I believe my implementation of the forward algorithm is working because my program outputs float values very similar to the examples given on the assignment page, though they are off by a small, but increasing degree every iteration. This leads my final estimate to be off by about 0.015. The error seems to be coming from a loss of precision in the Math.log method. How are you dealing with underflow/loss of precision?

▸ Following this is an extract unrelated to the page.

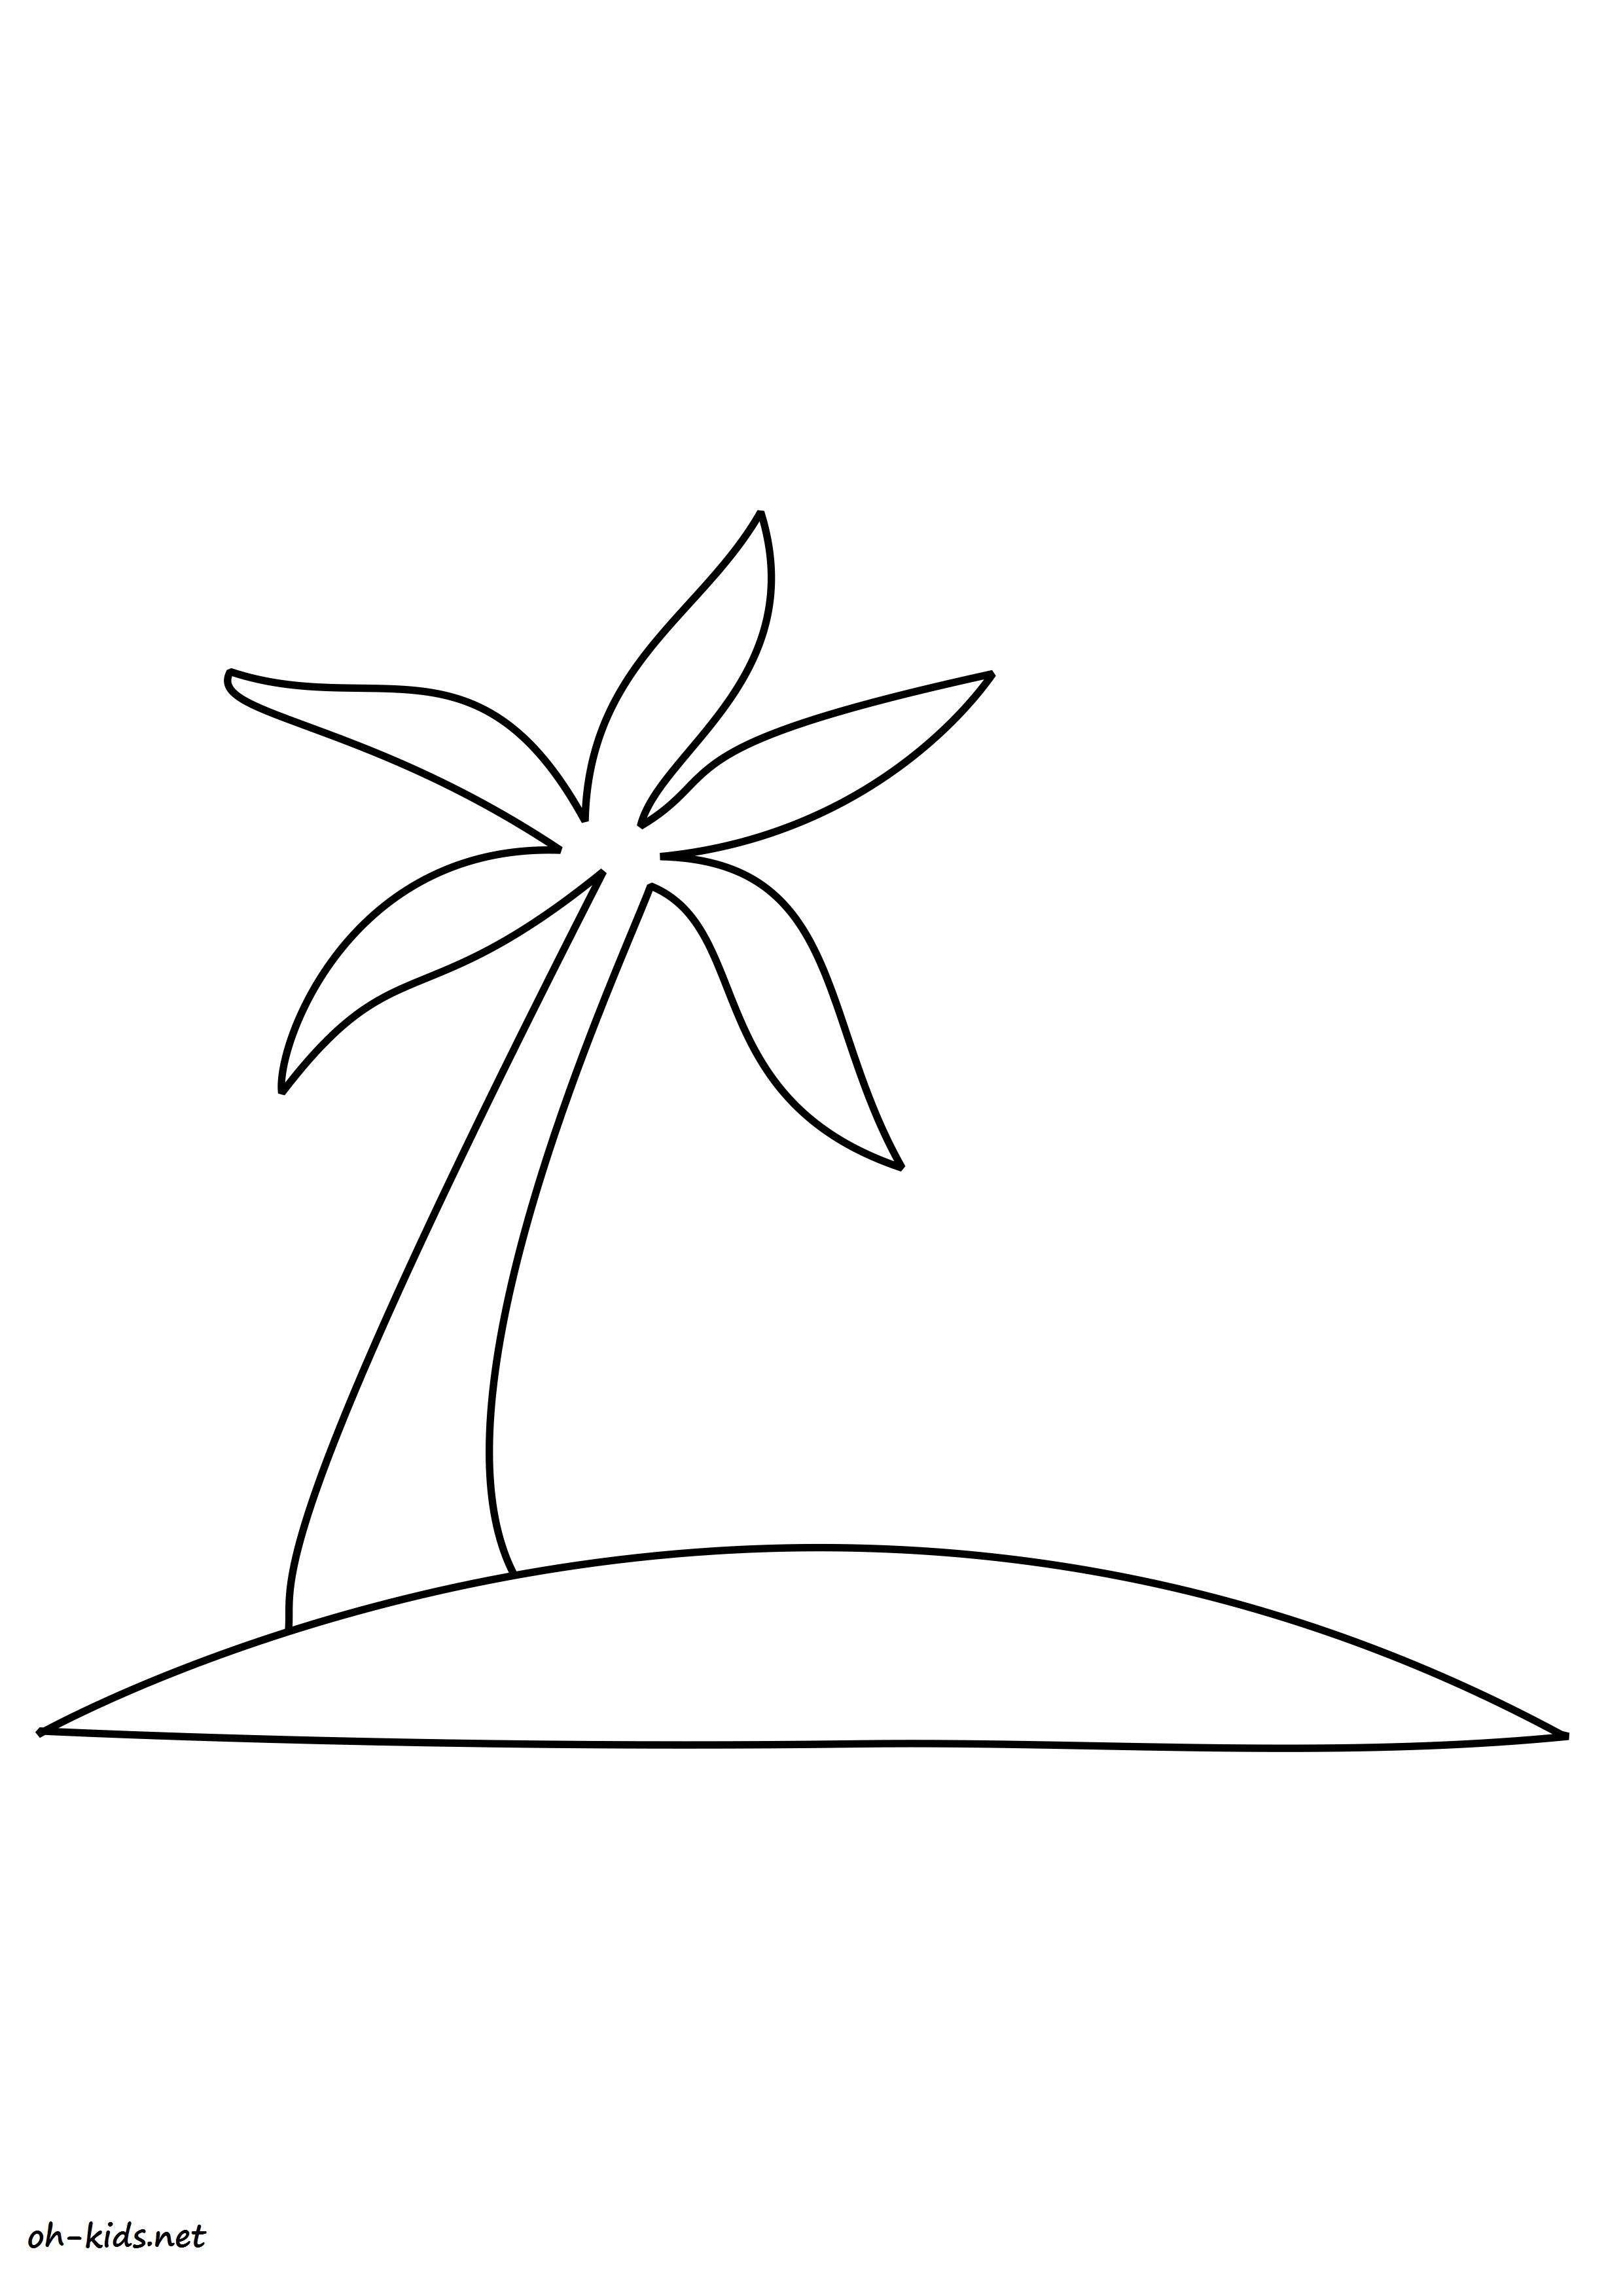 Dessin de plage a imprimer - Dessin #1461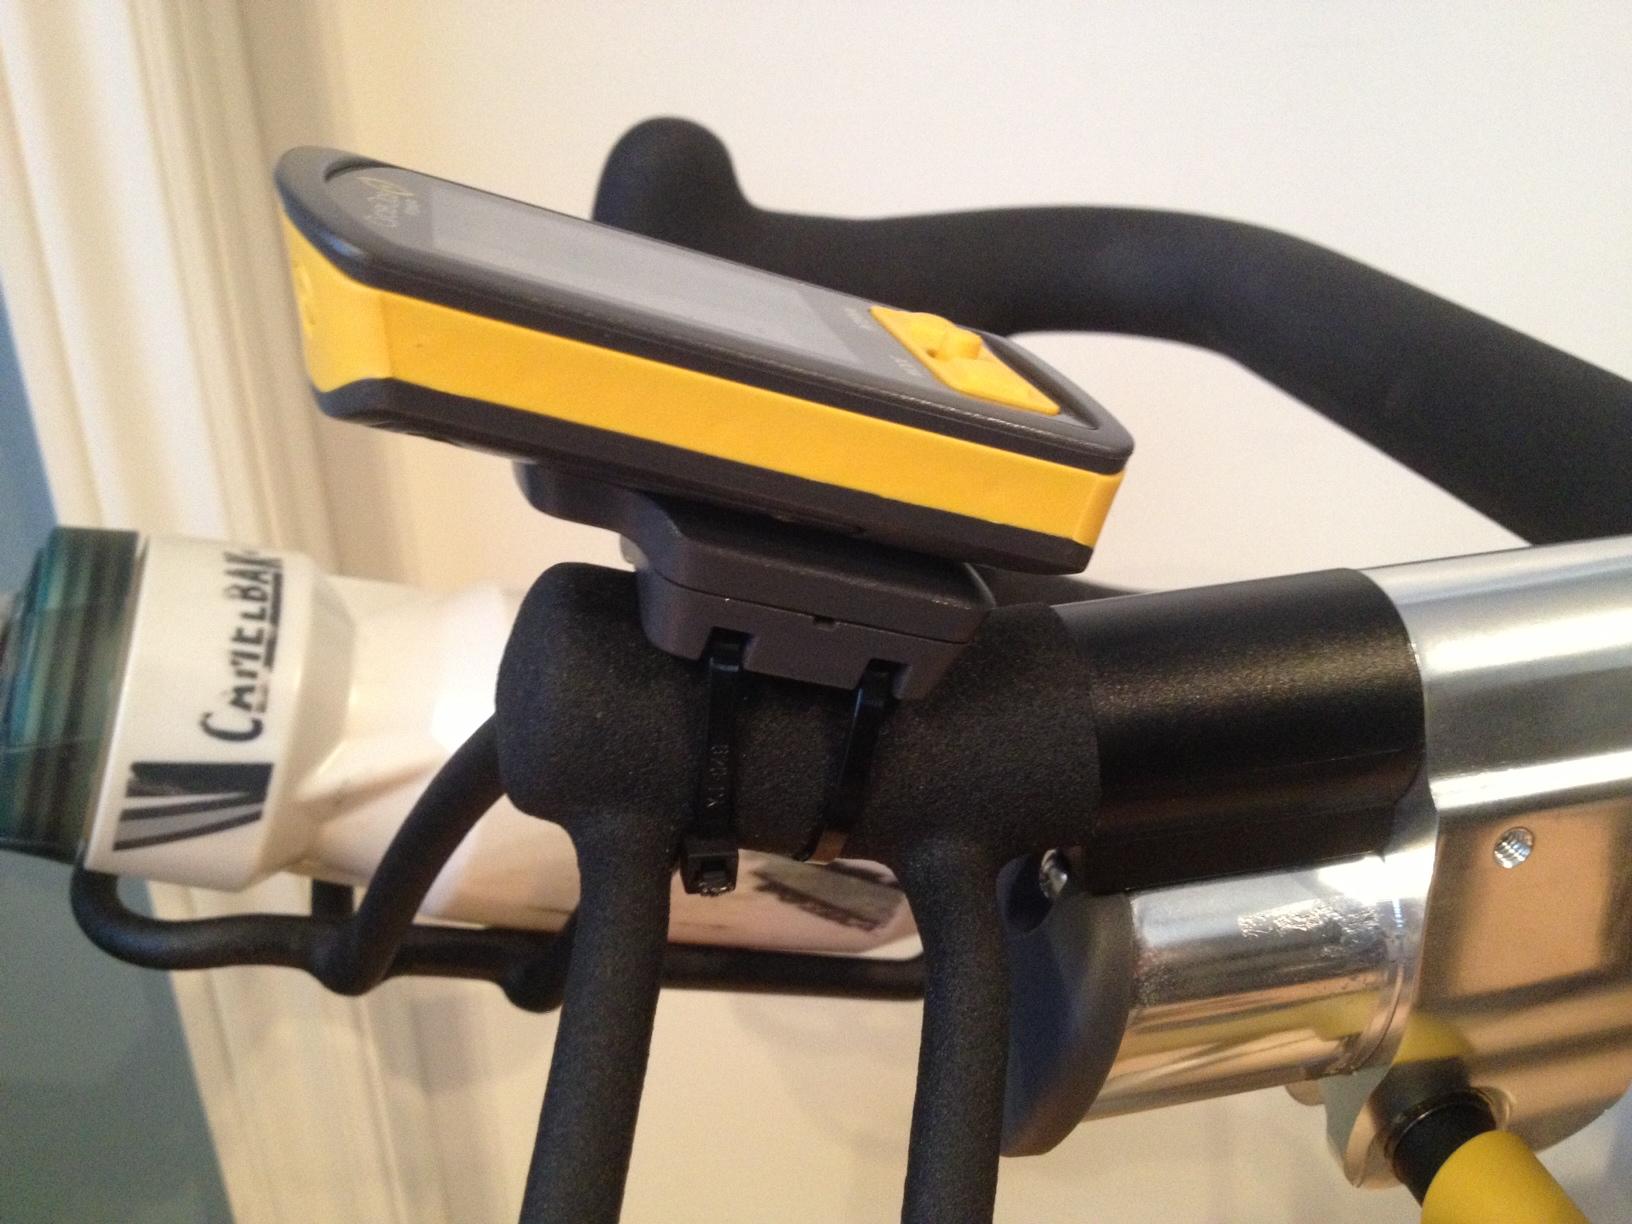 cycleops joule 2.0 manual

For the forward algorithm, there is no underflow problem since you can normalize after each step. I don’t use logprobs there, and you shouldn’t either.

It’s only an issue in Viterbi, because you cannot normalize the values at each step. But you can use logprobs at each step without issue, since you only care about the maximum value. Or you can just ignore the problem. I won’t hit your program with an input that numerically naive implementation can’t handle. Only deal with it if you wish to pursue excellence for its own sake.

If you really want to get technical, all floating-point can suffer from loss of precision. Architecture isn’t a required part of the program so you don’t necessarily learn the details of floating-point before you hit 383, but they’re nontrivial. You’d also learn them if you took a numerical computation class like in the applied math program, or maybe in some of the other electives we offer.

When performance isn’t critical, you can use a data structure representing rationals (fractions) to perform calculations with no loss of precision. Some languages provide such a facility intrinsically (for example, many Lisps include a full numeric tower); others provide default APIs (like Python’s fraction module); others require you to write it yourself or use a third party library (like, say, the Apache Commons Math BigFraction class).